Выбрать главу

- Именно голосование! - продолжал грозиться Тушинский. - Свободные выборы! Вот вы чего боитесь! Многопартийная система! Гражданские свободы! Открытое общество!

- Ведите нас, Владислав Григорьевич. Нет у меня сомнения в том, что в парламенте вы станете лидером. Я лично обеими руками «за», - и Луговой поднял единственную руку вверх и засмеялся, тряся пустым рукавом.

Он кривляется, думал Кузин, глядя на Лугового. Он привык быть начальником, а сегодня понимает, что его время прошло. Он еще опасен, но уже присматривает пути отступления. Суетится, не знает, куда податься.
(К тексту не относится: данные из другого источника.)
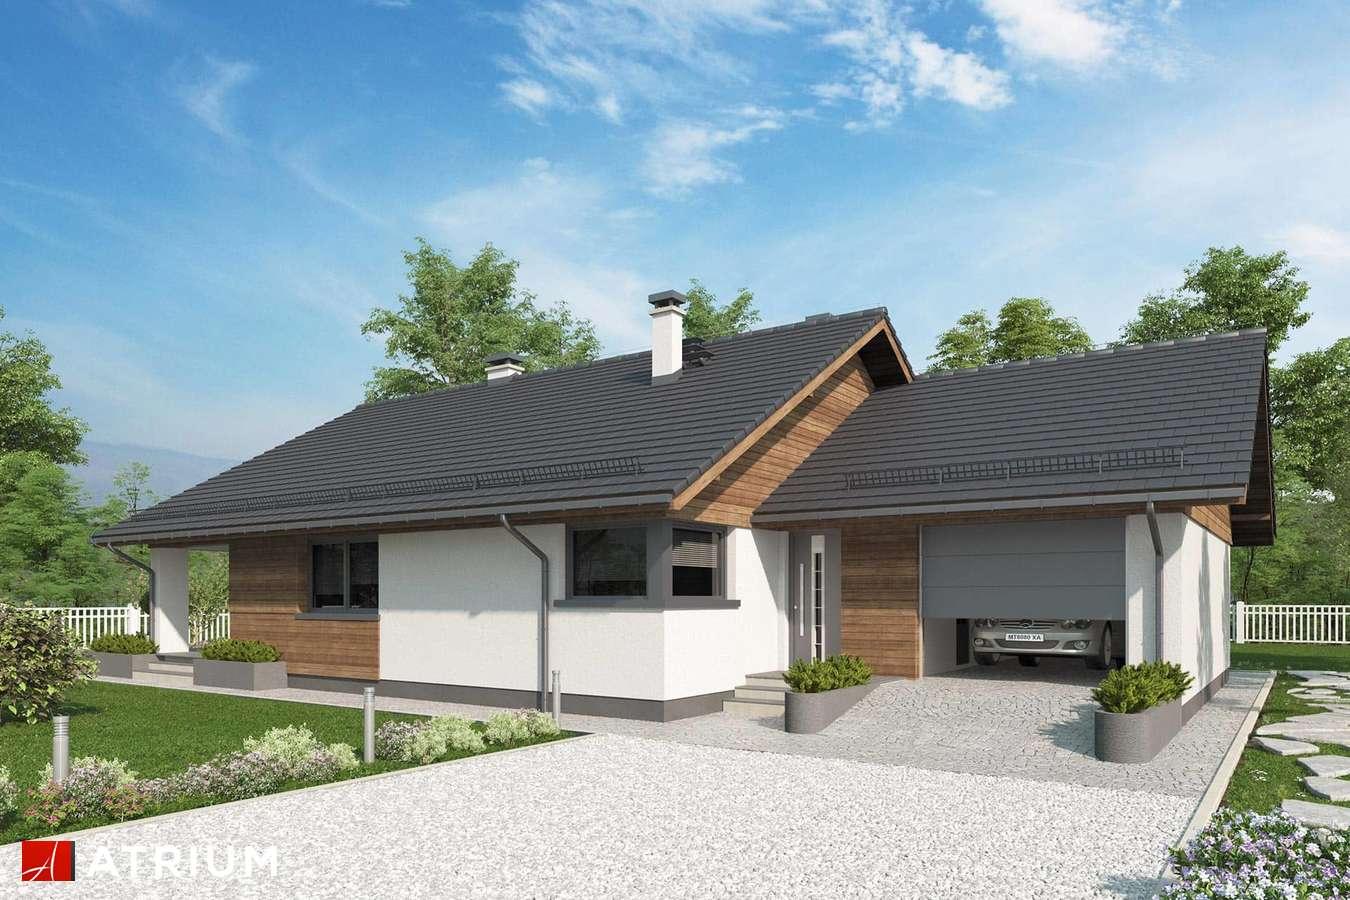 Projekty domów - Projekt domu parterowego KOS X SZ - wizualizacja 1

Да, он, может быть, инстинктивно, выразил суть происходящего: победила интеллигенция. Цивилизация взяла реванш у варварства.

- Значит, вся надежда на интеллигенцию? Полагаете, так? - сказал он вслух. - Ну что ж, я с вами согласен. Интеллигенция возглавит бархатную революцию, это только логично. Возродим дело авангарда, преступно забытое.

- Не правда ли? На вас - на вас, и на вас, и на вас - вся надежда.

- Первое, что требуется, - подал голос Савелий Бештау, - это рассказать о преступлениях власти! Поведать правду о первом авангарде - замученном и забытом! Требуется покаяние! - закончил он с неожиданной для буддиста напористостью.

- Это необходимо, - поддержал Кузин, - хотя бы для того, чтобы история не повторилась. Это, - сказал он, готовя фразу для будущей статьи, - возвращение долга, история обязана оплатить свой вексель.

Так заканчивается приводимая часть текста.